Когда Пушкин пишет в «Египетских ночах» о свободе поэзии «Поэт идет — открыты вежды. Но он не видит никого…», то перечисляет три вещи: ветер, орел и сердце девы… Это — три очевидных места свободы. Почему? Пушкин отвечает вроде бы ясно: «Затем что ветру и орлу, и сердцу девы нет закона». Но что такое это отсутствие закона? Для этого стоит еще раз вернуться к явлениям «свободы», где поэт их уловил: в чем «свобода» орла, девы и ветра? Ведь если определить их как образы — то мы увидим, что орел парит в небе над башнями, ветер надувает парус корабля и колеблет морскую стихию, а дева ждет рыцаря. И вот перед нами уже традиционные парные образы мощи, любви, красоты… А Пушкин, что делает он? Он следует за ветром, когда тот играет в овраге с палыми листьями, а не летит к кораблю. За орлом, когда орел летит к чахлому пню и совсем не выглядит образом мощи и власти, который через свои дополнительные признаки усиливают в нем башни. Или вот: почему Дездемона любит не какого-нибудь златовласого принца, а старого чернокожего арапа?
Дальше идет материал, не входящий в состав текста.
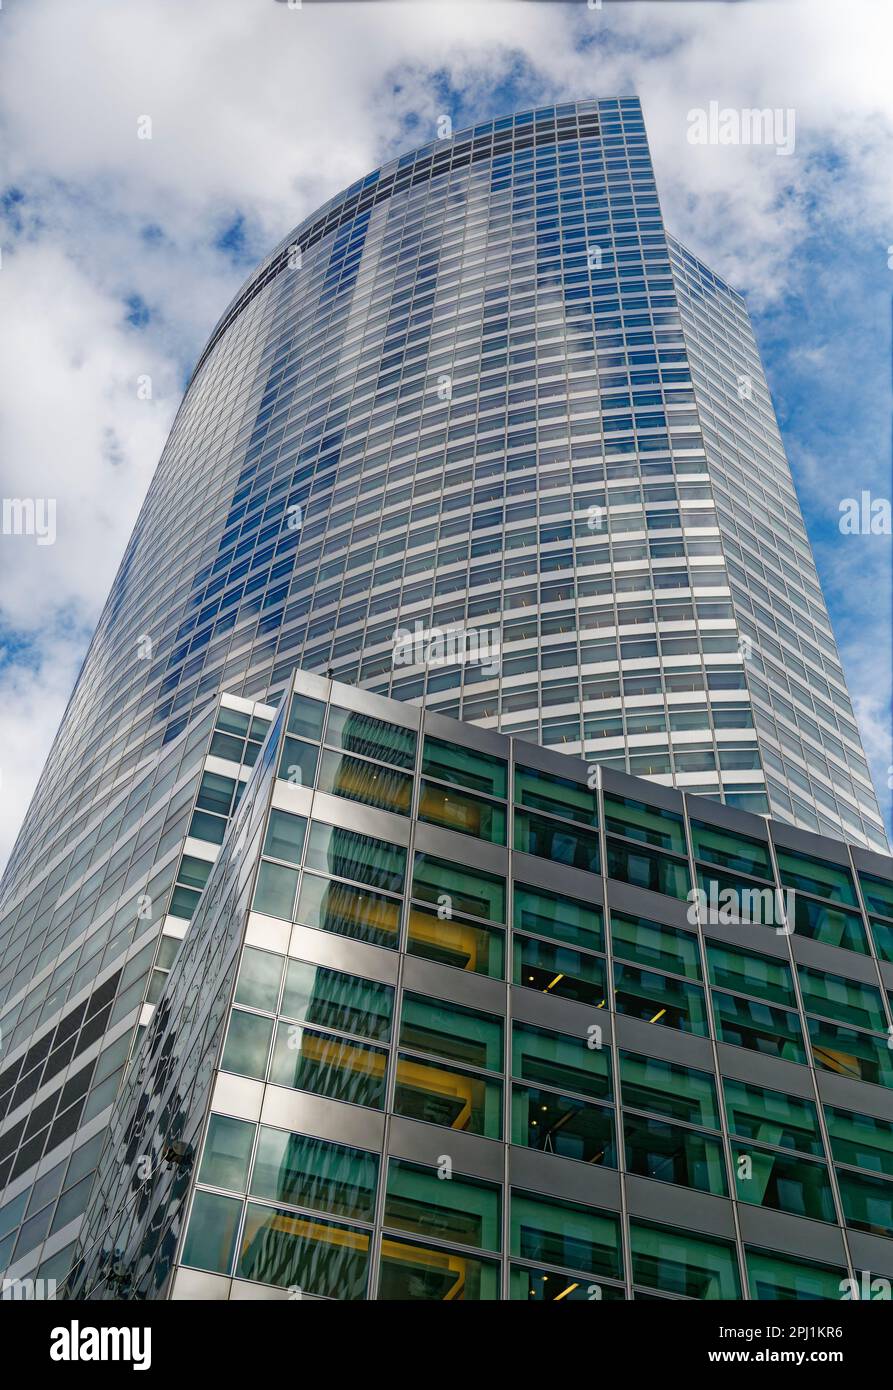 200 West Street, Goldman Sachs Hauptquartier, ist das höchste Gebäude in Manhattans Battery Park City. Auch die gebogene Fassade ist bemerkenswert. Stockfoto

Пушкин тоже удивительно разбивает «пары», которыми так любит играть романтизм, и создает нечто иное, свободную
Чтобы понять связь этих вещей между собой и всех их вместе — с законом, надо подумать о том, что, очевидно, есть какой-то иной закон, и не менее прочный, чем закон логический, социальный, психологический. Закон свободы воли.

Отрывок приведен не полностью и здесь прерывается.